然后,我们开始研究流行的开源工作流管理平台 ,该平台可处理带有故障和回调策略的 100多个任务,并尝试编写一些任务,并将其部署在GCP中以完成POC。 被考虑的项目是Apache Airflow , Apache Oozie , Luigi , Argo和Azkaban 。

Both Apache Oozie and Azkaban were top projects at that time with the stable release. Oozie is a reliable workflow scheduler system to manage Apache Hadoop jobs. Oozie is integrated with the rest of the Hadoop stack supporting several types of Hadoop jobs out of the box (such as Java map-reduce, Streaming map-reduce, Pig, Hive, Sqoop, and Distcp) as well as system-specific tasks (such as Java programs and shell scripts).

稳定版发布时,Apache Oozie和Azkaban都是当时的顶级项目。 Oozie是一个可靠的工作流计划程序系统,用于管理Apache Hadoop作业。 Oozie与其余Hadoop堆栈集成在一起,支持开箱即用的几种类型的Hadoop作业(例如Java map-reduce ,Streaming map-reduce,Pig,Hive,Sqoop和Distcp)以及特定于系统的任务(例如Java程序和Shell脚本)。

Image for post
Apache Oozie Job Browser
Apache Oozie作业浏览器

Still, with Oozie, we had to deal with XML definitions or had to zip a directory which contains the task-related dependencies, development workflow wasn’t as convincing as Airflow.
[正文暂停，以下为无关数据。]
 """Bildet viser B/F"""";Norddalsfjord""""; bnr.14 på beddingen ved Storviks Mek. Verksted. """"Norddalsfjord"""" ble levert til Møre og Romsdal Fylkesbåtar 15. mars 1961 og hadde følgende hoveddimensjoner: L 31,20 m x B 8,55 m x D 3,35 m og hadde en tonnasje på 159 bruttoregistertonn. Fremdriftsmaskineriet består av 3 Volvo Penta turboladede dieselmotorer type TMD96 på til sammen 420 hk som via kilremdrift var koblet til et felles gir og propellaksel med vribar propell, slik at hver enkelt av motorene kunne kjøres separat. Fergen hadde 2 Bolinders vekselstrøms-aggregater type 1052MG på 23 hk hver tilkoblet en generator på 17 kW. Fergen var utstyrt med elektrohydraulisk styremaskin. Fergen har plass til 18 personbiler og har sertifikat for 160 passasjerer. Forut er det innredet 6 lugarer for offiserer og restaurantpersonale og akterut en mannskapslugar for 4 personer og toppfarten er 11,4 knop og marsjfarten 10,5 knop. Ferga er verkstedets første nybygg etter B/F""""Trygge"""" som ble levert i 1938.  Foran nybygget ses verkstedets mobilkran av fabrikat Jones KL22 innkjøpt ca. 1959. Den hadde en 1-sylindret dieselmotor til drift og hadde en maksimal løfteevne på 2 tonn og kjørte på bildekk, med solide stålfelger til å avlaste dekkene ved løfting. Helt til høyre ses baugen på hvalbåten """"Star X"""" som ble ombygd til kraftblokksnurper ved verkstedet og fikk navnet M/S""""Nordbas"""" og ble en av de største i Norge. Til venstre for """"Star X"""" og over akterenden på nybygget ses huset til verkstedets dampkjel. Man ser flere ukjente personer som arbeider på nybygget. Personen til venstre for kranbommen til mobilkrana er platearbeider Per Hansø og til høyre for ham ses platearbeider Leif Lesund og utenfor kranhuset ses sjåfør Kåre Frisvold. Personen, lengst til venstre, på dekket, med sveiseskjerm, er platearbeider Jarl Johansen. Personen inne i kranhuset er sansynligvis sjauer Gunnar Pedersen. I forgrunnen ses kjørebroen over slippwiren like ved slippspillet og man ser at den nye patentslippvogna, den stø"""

Instead of managing multiple directories of XML configs and worrying about the dependencies between directories, the option to write python code can be tested, and since it’s a code all the software best practices can be applied to it.

仍然,对于Oozie,我们必须处理XML定义或压缩包含与任务相关的依赖关系的目录,开发工作流程并不像Airflow那样令人信服。 无需管理XML配置的多个目录并担心目录之间的依赖关系,而是可以测试编写python代码的选项,并且由于它是一种代码,因此可以将所有软件最佳实践应用于该代码。

Image for post
Azkaban Flow
阿兹卡班流

Azkaban has distributed multiple-executor mode and beautiful UI visualizations, option to retry failed jobs, good alerting options are available, can track user actions, i.e. auditing was available, but since the workflows are defined using property files finally, we didn’t consider this option.

Azkaban已分发了多个执行程序模式和精美的UI可视化效果,可以选择重试失败的作业,可以使用良好的警报选项,可以跟踪用户操作,即可以进行审核,但是由于最终使用属性文件定义了工作流程,因此我们没有考虑此选项。

Luigi was promising since the deployment in Kubernetes was so simple, and it handles dependency resolution, workflow management, visualization, handling failures, command line integration, and much more.

Luigi很有前途,因为在Kubernetes中的部署是如此简单,它可以处理依赖关系解析,工作流管理,可视化,处理故障,命令行集成等。

Image for post
Luigi Task Status
路易吉任务状态

But re-running old tasks or pipelines was not clear, i.e. No option to retrigger the tasks. Since it uses the cron feature to schedule we have to wait for Luigi scheduler to schedule it again after updating the code where Airflow has its own scheduler hence we can retrigger the dag using Airflow CLI or UI.

但是重新运行旧任务或管道并不清楚,即没有重新触发任务的选项。 由于它使用cron功能进行计划,因此我们必须等待Luigi计划程序在更新代码后重新安排它,其中Airflow拥有自己的计划程序,因此我们可以使用Airflow CLI或UI重新触发dag。

Luigi being cron scheduler scaling seem difficult whereas in Airflow the Kubernetes executor was very promising. Creating a task was not as simple as Airflow, also maintaining the dag is a bit difficult as there were no resources for dag versioning.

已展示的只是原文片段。